What if we wanted to end the game with [card]Karn Liberated[/card]? At seven mana, Karn is only 29% likely to be castable on turn seven. He doesn’t pass the 75% mark until turn twelve. There’s a reason those Cruel Control decks from Lorwyn-Alara Standard sometimes ran up to half land.
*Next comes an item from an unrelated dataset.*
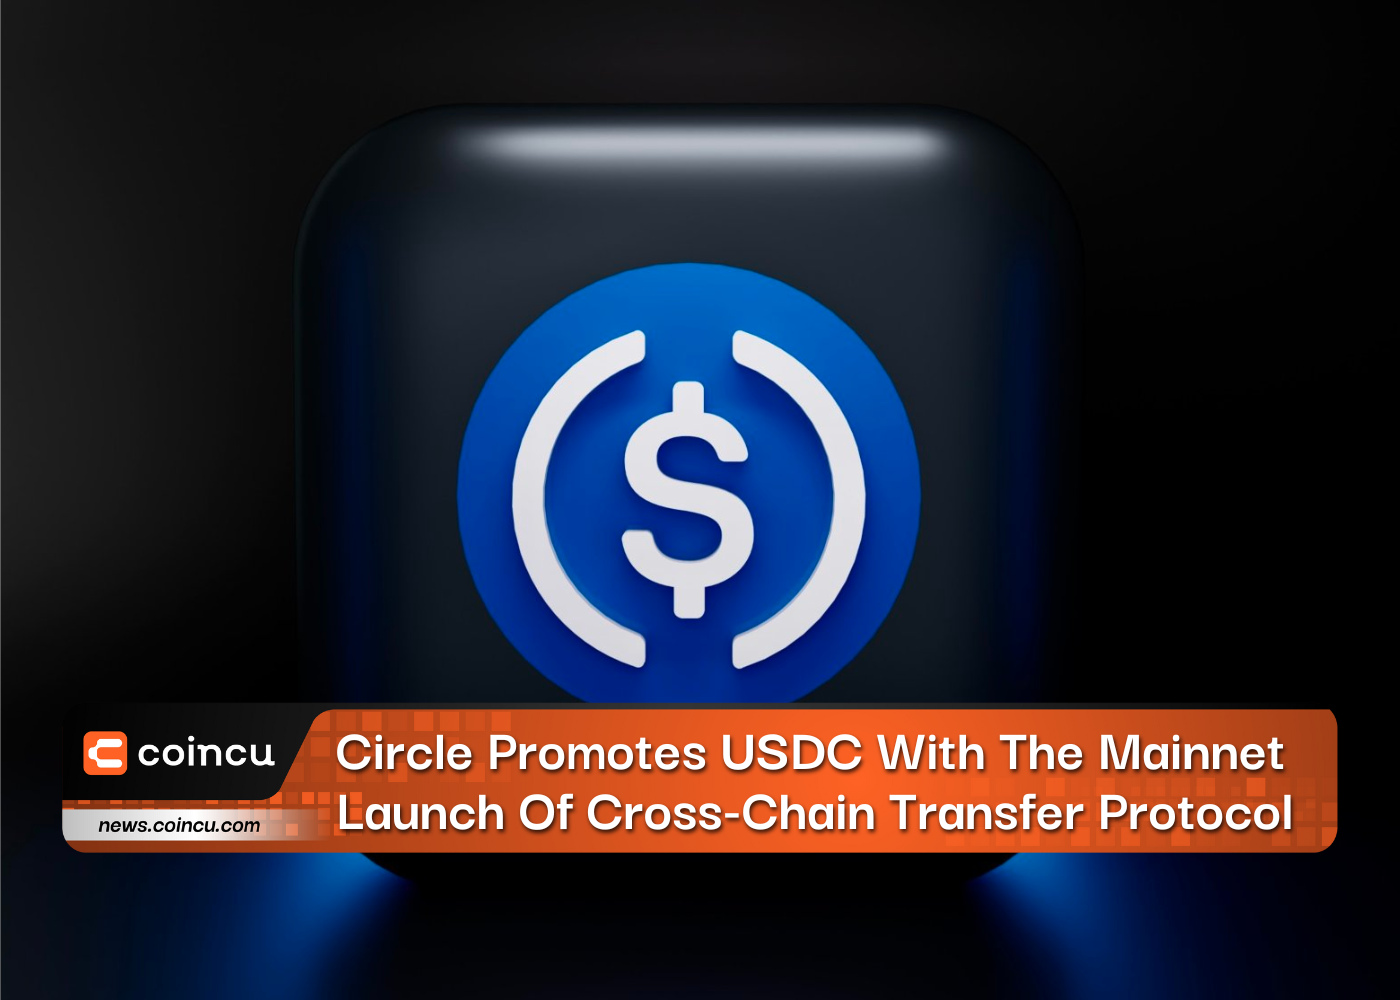 Circle Promotes USDC With The Mainnet Launch Of Cross-Chain Transfer Protocol

Note that there is a little bit of a mislead in these numbers, too. Much like Delver with [card]Ponder[/card], this deck has tools to plow through itself faster. [card]Think Twice[/card] and [card]Forbidden Alchemy[/card] both increase your ability to get access to your land, potentially shaving a turn or so off of the clocks described above. Of course, being one turn faster means Karn on turn eleven instead of turn twelve, so the planeswalker golem is still a slow option.

Beware of the nonlinear

The thing that trips up our intuitive brain in cases like this is that the odds that we’ll have the resources we need drop off dramatically as we place bigger demands on those resources. For most decks, even those running very land light, like Delver, cards in the one-three mana range will almost always be castable “right away.” Once we pass that magical breakpoint, things slow down.

This is one aspect of [card]Birthing Pod[/card]’s power. In addition to tutoring, Pod says that yes, indeed, your seven-mana creature is arriving one turn after your six-mana creature. For the rest of us, that’s not going to be the case.

So don’t let your intuition fool you – retrain it. Four mana doesn’t just cost four mana, and five mana costs way more than four.